The COVID-19 dashboard landing page is a good place for people to start if they're not used to navigating the site, said data analyst Ray Harris. (Government of New Brunswick)

It includes, among other things, the new number of COVID-related deaths, how many people are currently hospitalized and in intensive care, as well as the breakdown of those "for" COVID and "with" COVID, how many of them are on ventilators, and how much those numbers have changed from the previous day.

There's also a graph that shows how many people are in hospital and ICU each day as well as the seven-day averages. (If you hover your cursor along the graph, pop-up boxes with exact numbers and dates appear. You can enlarge the graph by hovering your cursor in the top right corner of the box until a small circle with arrows pointing in four directions appears and then clicking on it. You can minimize it again by repeating these steps.)

The number of health-care workers off sick after testing positive for COVID, hospital and ICU occupancy rates, vaccination rates, and the number of new positive PCR tests and self-reported positive rapid tests are also available.

"Most of what you want for a daily update is just scrolling on that landing page," said Harris.

He recommends it as a good place to start for people who aren't as familiar with navigating the dashboard.

'A lot of numbers'

Isil Flynn, a Fredericton-based IT project manager and user experience architect, thinks there's "too much" information on the landing page.

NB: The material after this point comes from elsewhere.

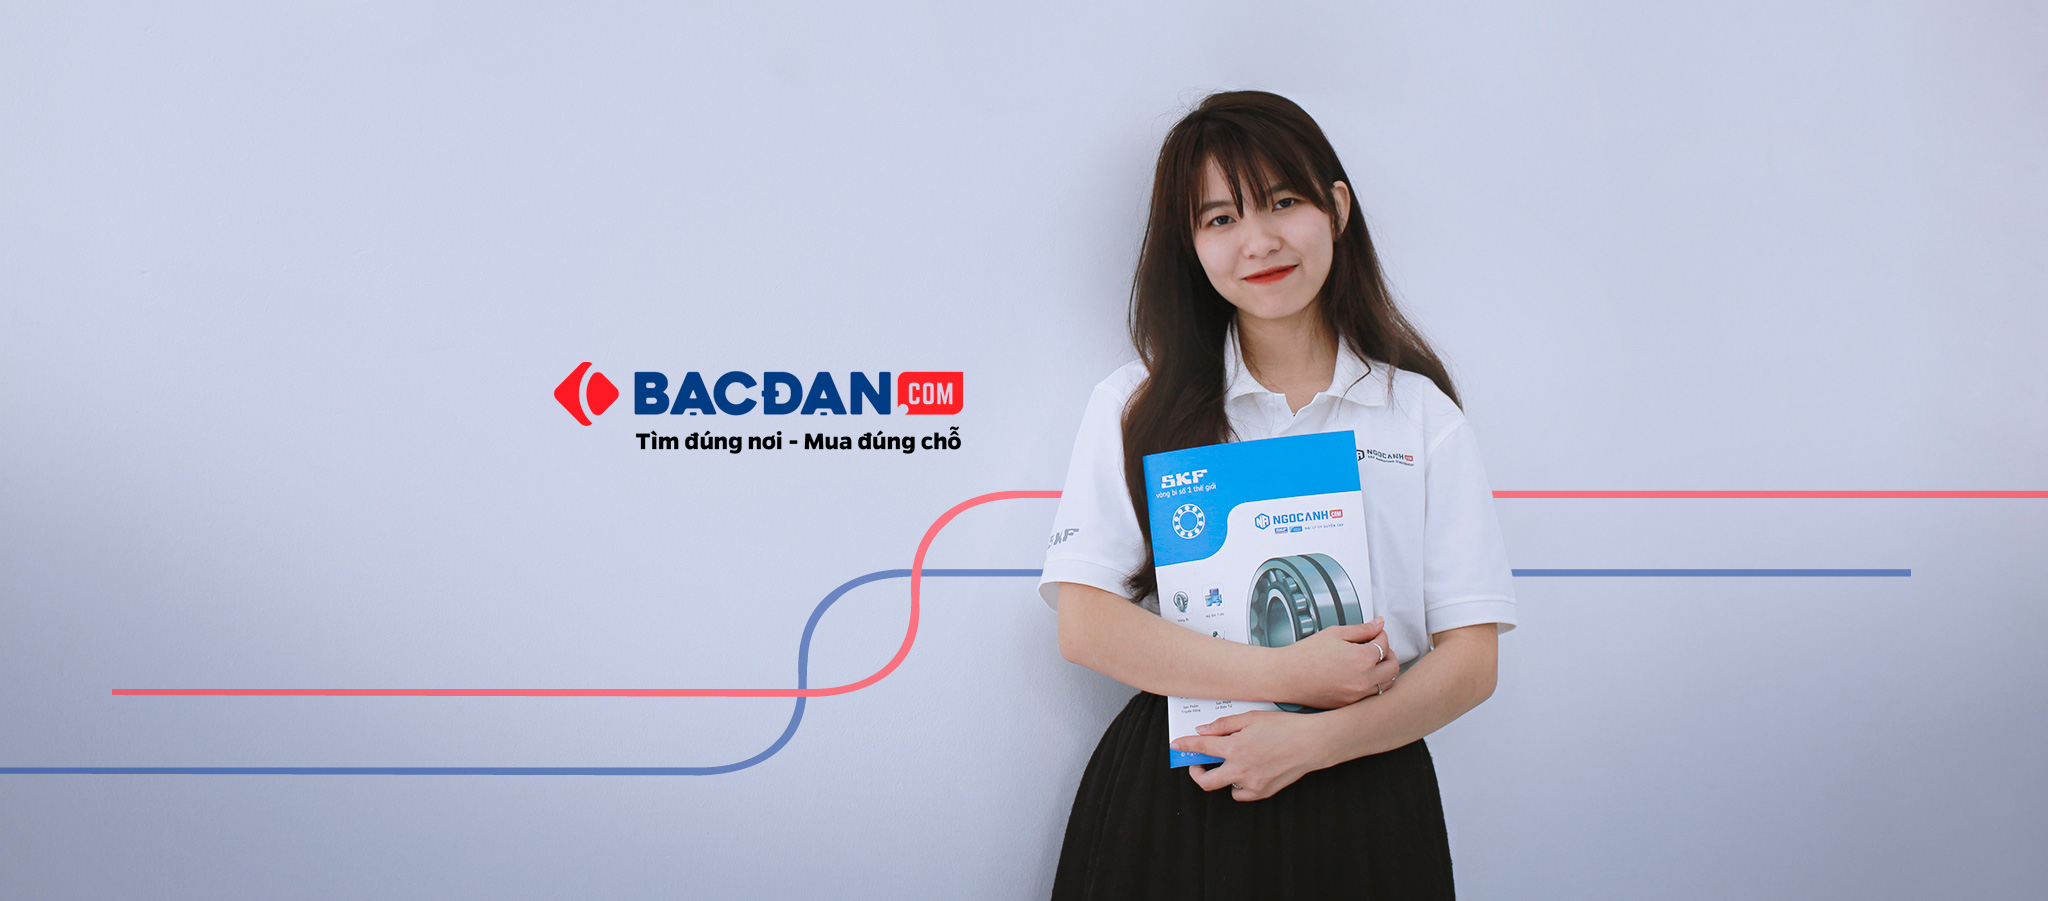 Bạc đạn Online (bacdan.com) được quản lý và vận hành bởi SKF Ngọc Anh - Đại lý uỷ quyền SKF chính hãng tại Việt Nam

"That's a lot of numbers," she remarked, while scrolling through.

If people are visiting the site to try to understand the status of COVID in the province or to try to assess their personal risk, Flynn thinks "it's a little more complex than it needs to be."

"Simplifying it is always a good thing."

Isil Flynn, an IT project manager and user experience architect, believes there's a lot of data on the COVID dashboard that isn't clear as to why it would be important to users to have that particular piece of information. (Isil Flynn/Twitter)

Some of the data could also be better explained, said Flynn, citing the number of people in hospital for or with COVID as an example.

"What's not clear is what the difference … is and how that matters to you."

She'd like to see more "trend" data, like the seven-day hospitalization and ICU rates graph.

It's "more impactful to people to just to see — are we flattening the curve? Have we turned the corner? Have we peaked and we're now on the downslide of things? Right? I think that would be more important for people to know."